## What the task asks
Your answer must hold only the lines below from the line containing "Bannière HTC VIVE - Matts digital" through the line containing "Royal Canin - Adult", each reproduced exactly.

## Input for this task
===============
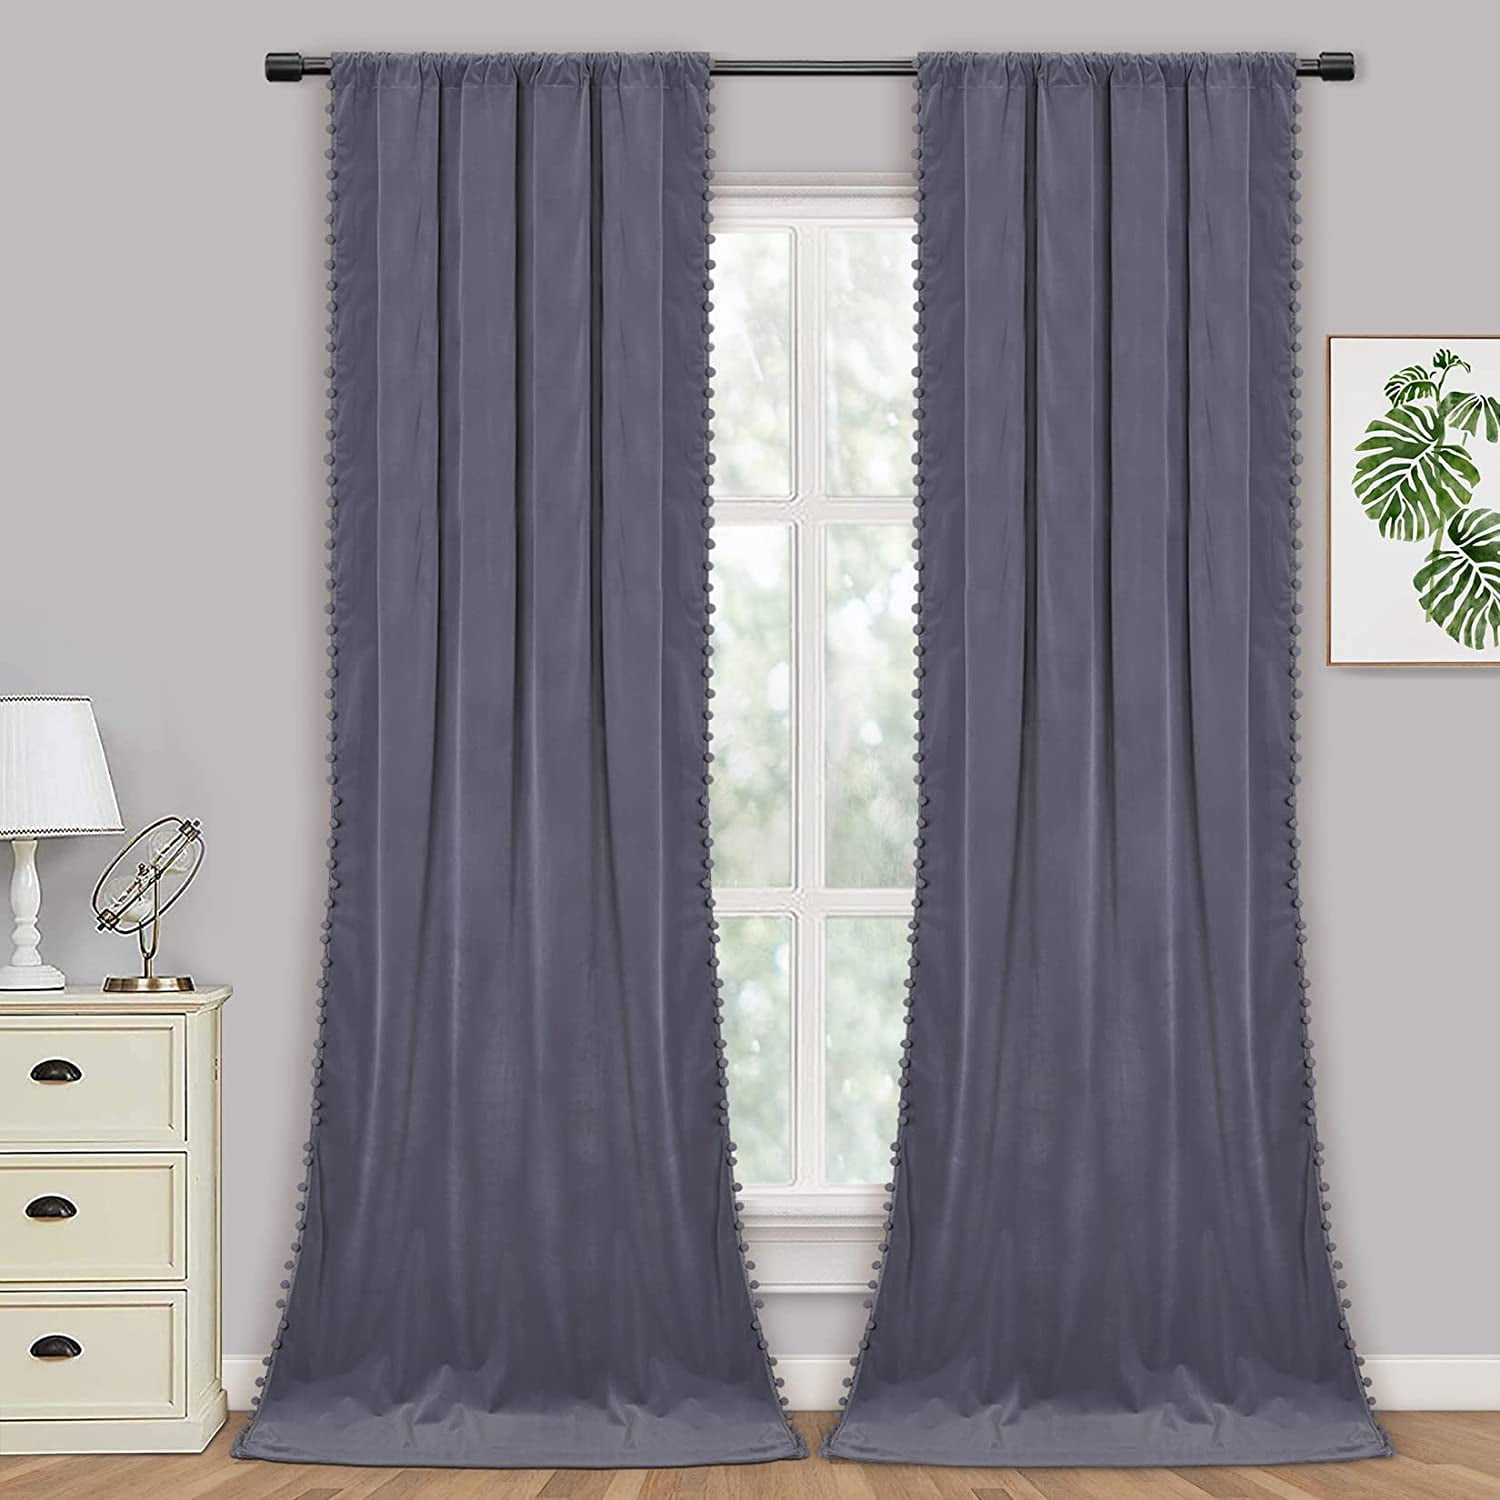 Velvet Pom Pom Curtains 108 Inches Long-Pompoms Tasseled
===============
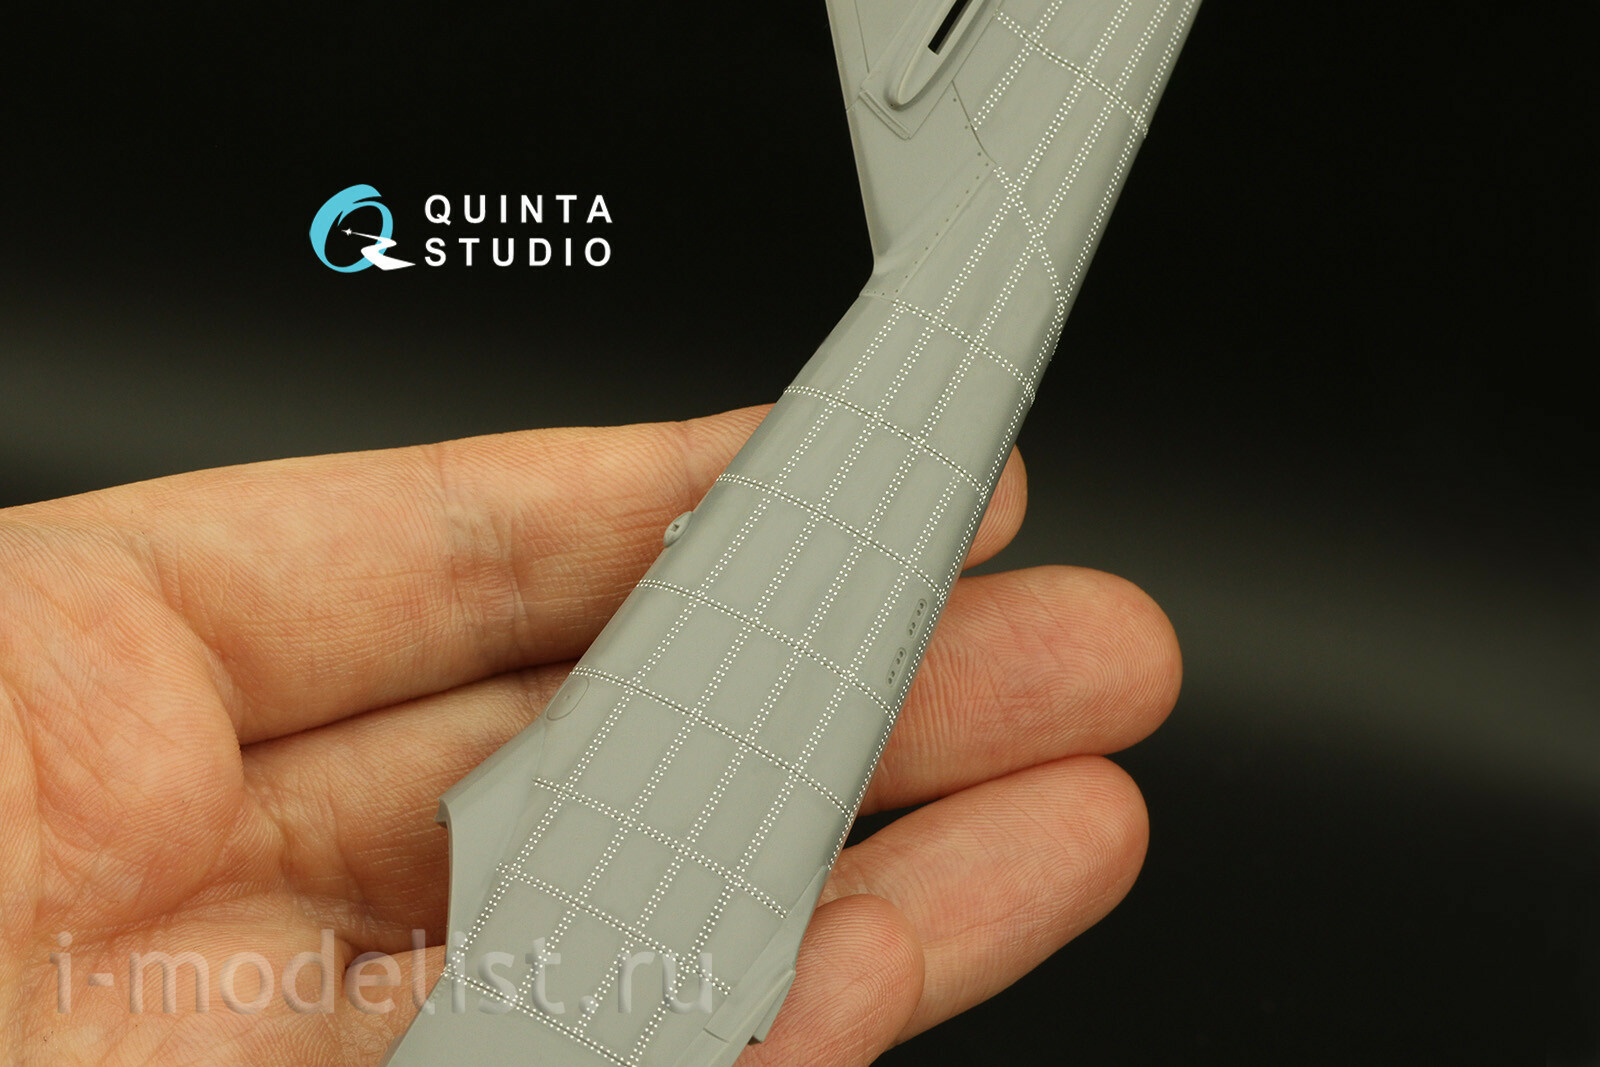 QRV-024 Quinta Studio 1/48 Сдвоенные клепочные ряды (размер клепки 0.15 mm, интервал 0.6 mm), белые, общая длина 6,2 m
===============
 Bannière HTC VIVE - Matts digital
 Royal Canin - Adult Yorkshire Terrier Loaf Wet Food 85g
===============
## Output below
 Bannière HTC VIVE - Matts digital
 Royal Canin - Adult Yorkshire Terrier Loaf Wet Food 85g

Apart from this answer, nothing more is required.